🗓️ April 2020👀 loading

Data Models for Financial Transactions

We'll cover some recommended techniques for modelling financial transactions within your database, including various Postgres model schemas and useful SQL queries.

financemodellingpostgres

When a customer buys an item on your website, it's usually a good idea to save some information about the transaction into your database, like:

the time it happened
the amount and currency
a short description of the purchased item
some kind of ID reference of the payment at Stripe or PayPal

That's why we're going to look at a few different ways of modelling financial transactions in your system, and how you might persist them in your database.

Basics
Transaction Lifecycle
Basic Data Model
Full Data Model

Basics

Fundamentally, a financial transaction is nothing more than a movement of funds into or out of your (digital) wallet or bank account, at a certain point in time. This means that any model, at the very least, would account for the following properties in some way, shape or form:

amount
currency
created (timestamp)

Like we discussed in the introduction, it probably makes sense to also include a description or identifier of the thing which was purchased:

description

And since you'll probably be processing your payments through some kind of gateway like Stripe or PayPal, it makes sense to also include the following attributes:

gateway
method (optional)

Here, the method attribute could be useful if you've configured your gateway integration to support multiple payment methods (cards, iDeal, SEPA direct).
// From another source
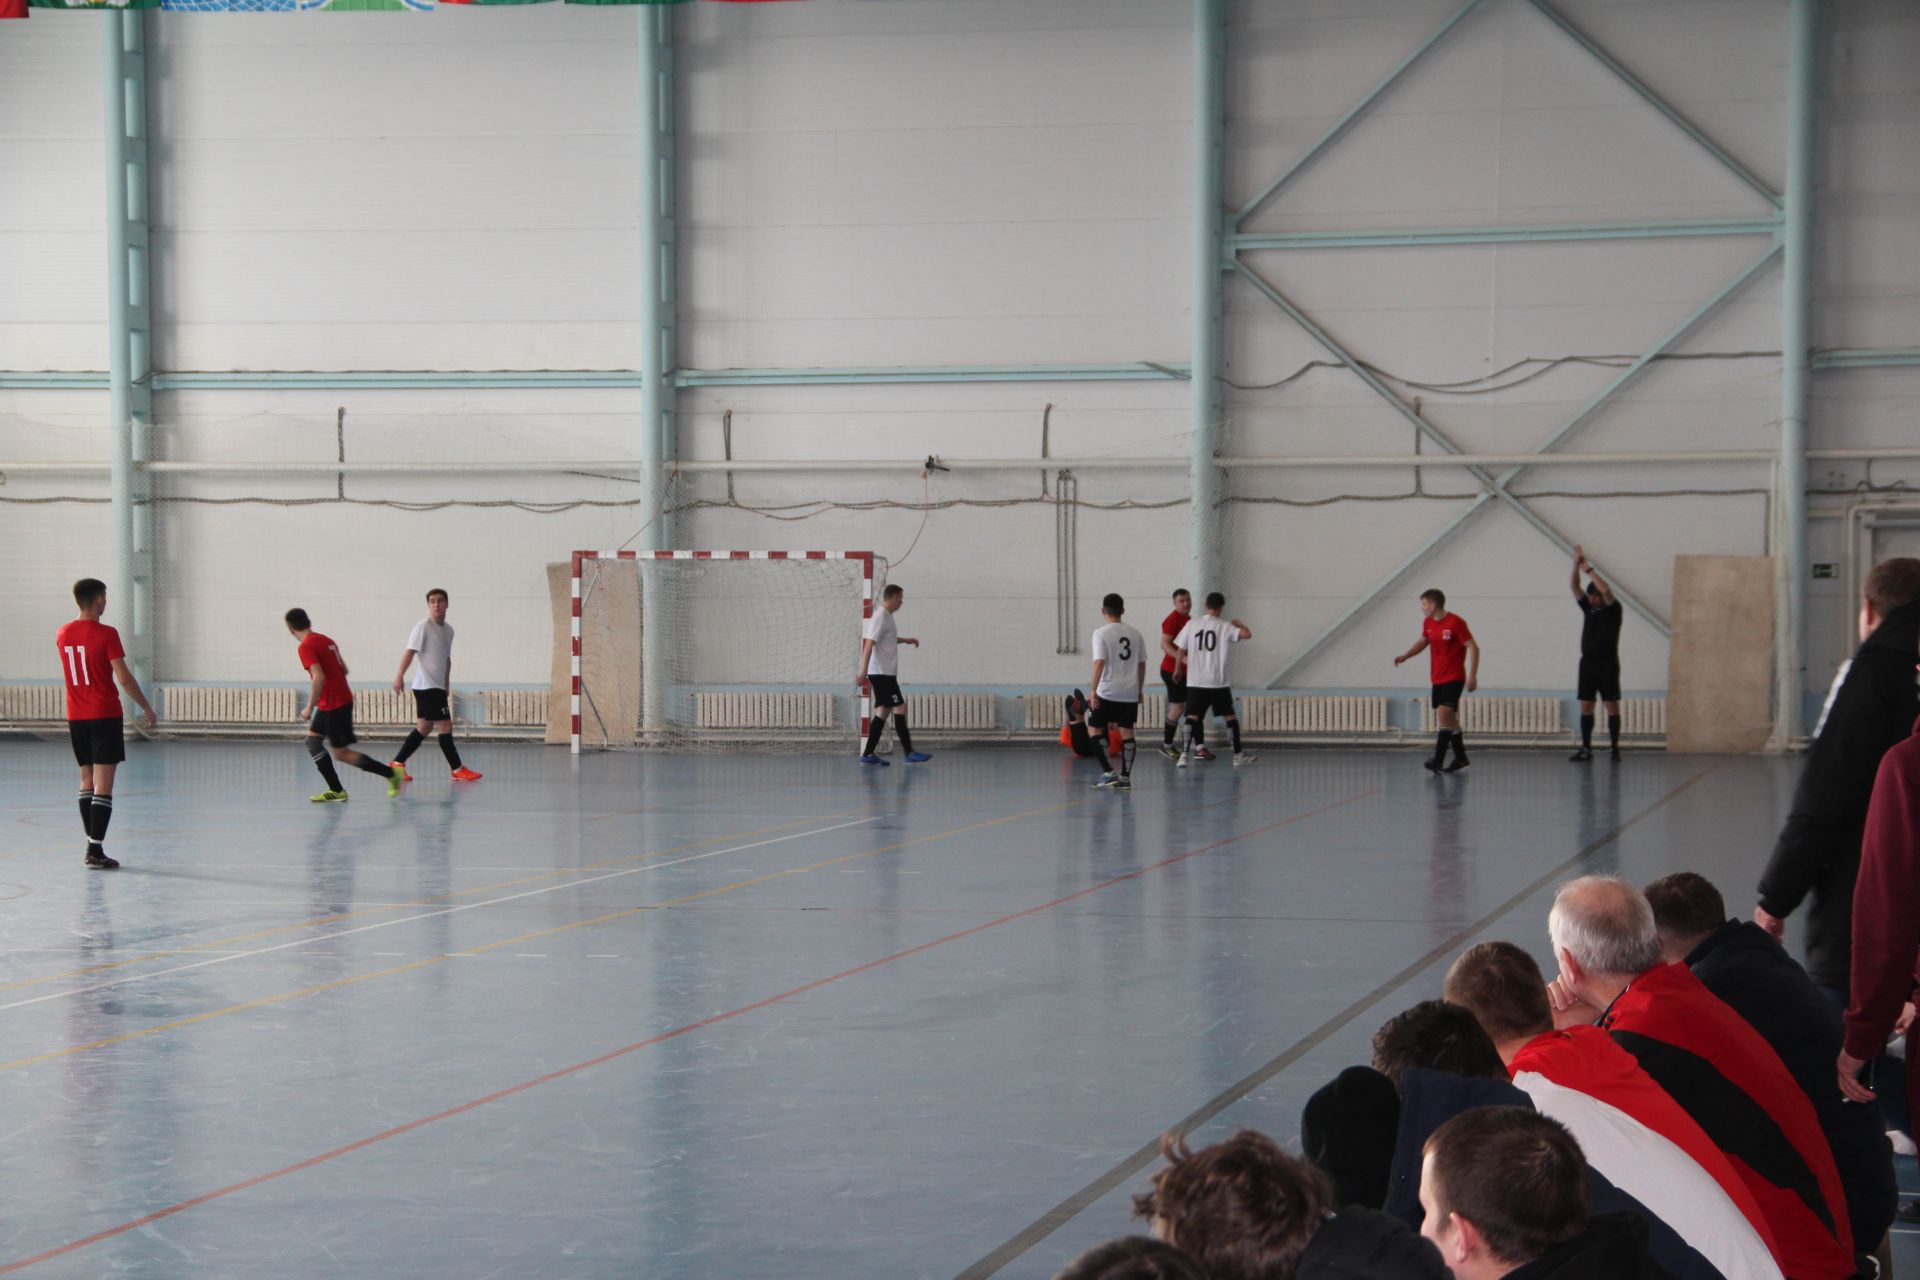 В Болгаре прошел турнир по мини-футболу среди малых городов и сельских районов республики (ФОТО)

There's much more to it, though. Financial transactions transition through multiple stages before they're finalized. And they're never really finalized either, since transactions can usually be reversed through refunds or credit card chargebacks, many months later sometimes. That's why it's important to be aware of the transaction lifecycle (which we'll be discussing next), and why it makes sense to also include some kind of enum attribute like

status,

indicating whether the transaction is pending, failed, captured or refunded.

Transaction Lifecycle

Most financial transactions transition through the following stages:

Authorization - The customer is asked to authorize the transaction via their chosen payment method; if successful, this will put a temporary hold on the customers' funds, but doesn't yet move them into your company's account
Capture - After the customer has authorized the transaction, you'll be able to capture the authorized funds; this will actually move the money from the customer's account into your company's account
Refund - If you're unlucky, a previously captured transaction will be refunded, in which case the funds will move back from your company's account into the customer's account

Even though it's not so easy to design a one-size-fits-all model which supports any type of transaction and any type of payment method, the lifecycle overview above does capture the general idea pretty well.

To prove this, we'll have a look at the flows of the following payment methods, with Stripe and PayPal as our gateways, and see how they compare against this rather simple authorize-capture-refund lifecycle above.

payment method	gateway
card	Stripe
iDeal	Stripe
PayPal	PayPal

Stripe Card Payments Flow

Stripe recommends using their Payment Intents API to accept card payments. With this API, you're supposed initiate the payment flow server-side by creating a new Payment Intent object.

Upon doing so, Stripe will provide you with an id of this Payment Intent object, and a client_secret which you're supposed to pass to the browser. Stripe's JavaScript SDK then uses this client_secret to authenticate the Card payment, where the user might be prompted with a pop-up to confirm their purchase via SMS or password or some other authentication method chosen by their bank (this is completely handled by Stripe).

After the user has authorized the payment, Stripe will (by default) automatically try to charge the card. You're recommended to setup a server-side webhook event listener for Stripe's charge.succeeded and charge.failed events, informing your application of the charge attempt's outcome.

It's also recommended to set up a server-side webhook event listener for charge.refunded events, allowing you to automatically process refunds or chargebacks (by revoking customer access to your website, for example).

Below you'll find a summary of Stripe's Payment Intents flow, and how it connects to the transaction lifecycle.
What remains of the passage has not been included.